The system for getting these payments leaves me constantly thinking about what I CAN’T do and why. That can’t be good for me but I can’t stop it. A few more years of this and I imagine it will become a permanent subroutine in my brain, figuring out what I can’t do, what help I need, why I need help, how seriously I’d be harmed without help.. a huge portion of my brain forever ruminating on something that doesn’t help *me* at all. When I could be thinking about my writing or learning or having fun or…

So that’s where I’ve been and where I’m at. The DWP are basically inside my head and critiquing my every action. And it hurts.

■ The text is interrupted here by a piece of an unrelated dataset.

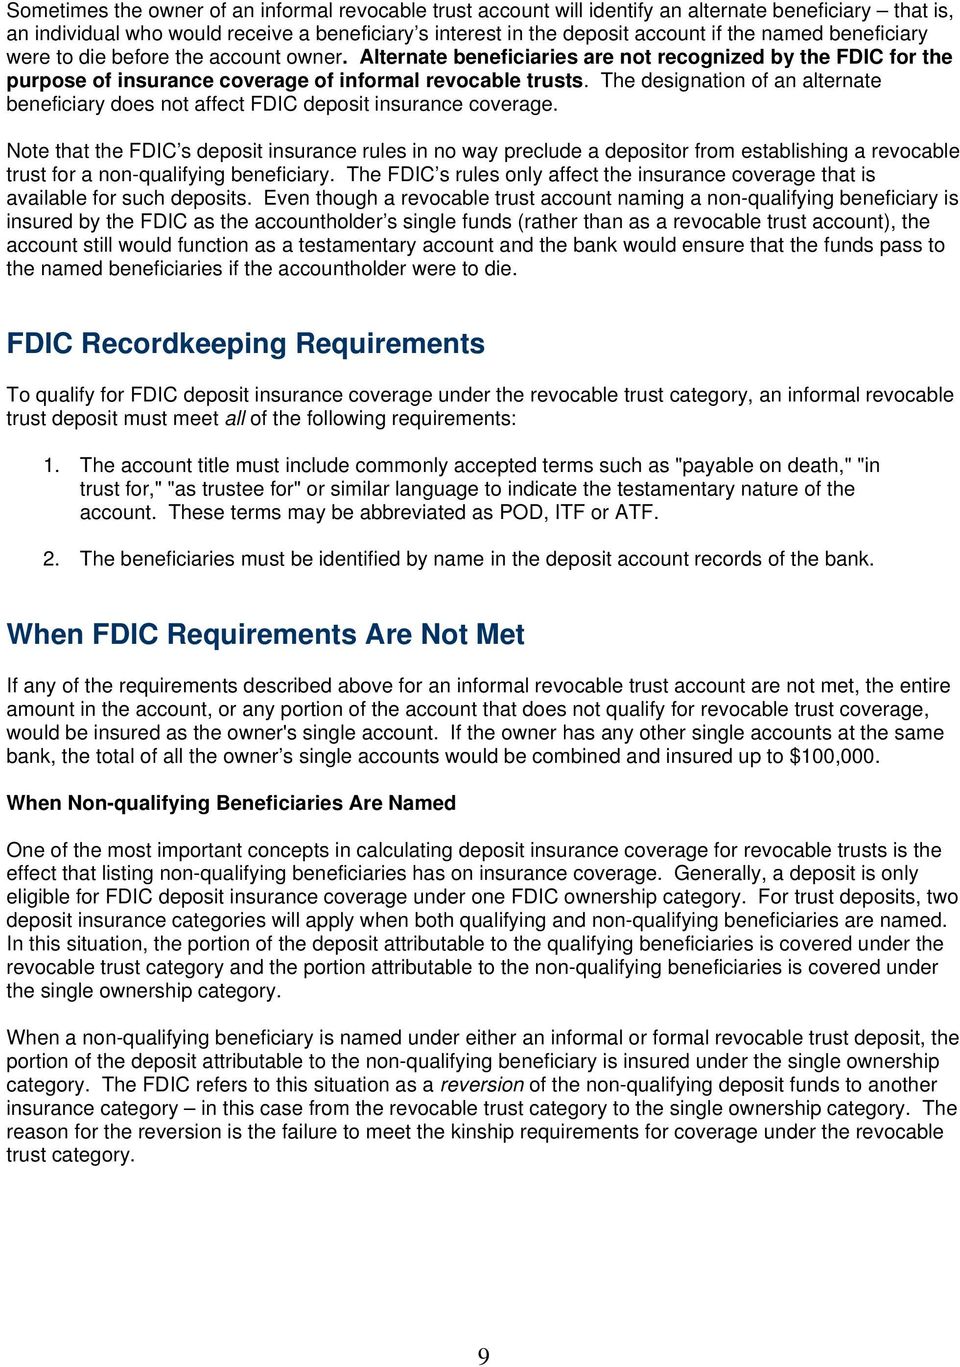 Table Of Contents Chapter 1 Introduction To Fdic Deposit

And yet… until the system is fixed, I still advise disabled friends to consider putting themselves through it. Because the money maybe a modest sum but it’s LIFE-CHANGING. It means I don’t have to worry about affording a meal in a cafe or a takeaway when I can’t figure out all the steps to making my own lunch. It means I can get a taxi if I need to. It means I can pay bus fare for a friend to accompany me to a scary new place. It means I can afford food that isn’t beans. It helps but making it happen hurts. Possibly permanently. It’s a bind and I respect the choices people make about whether or not applying for PIP, ESA or both will be “worth it” for them.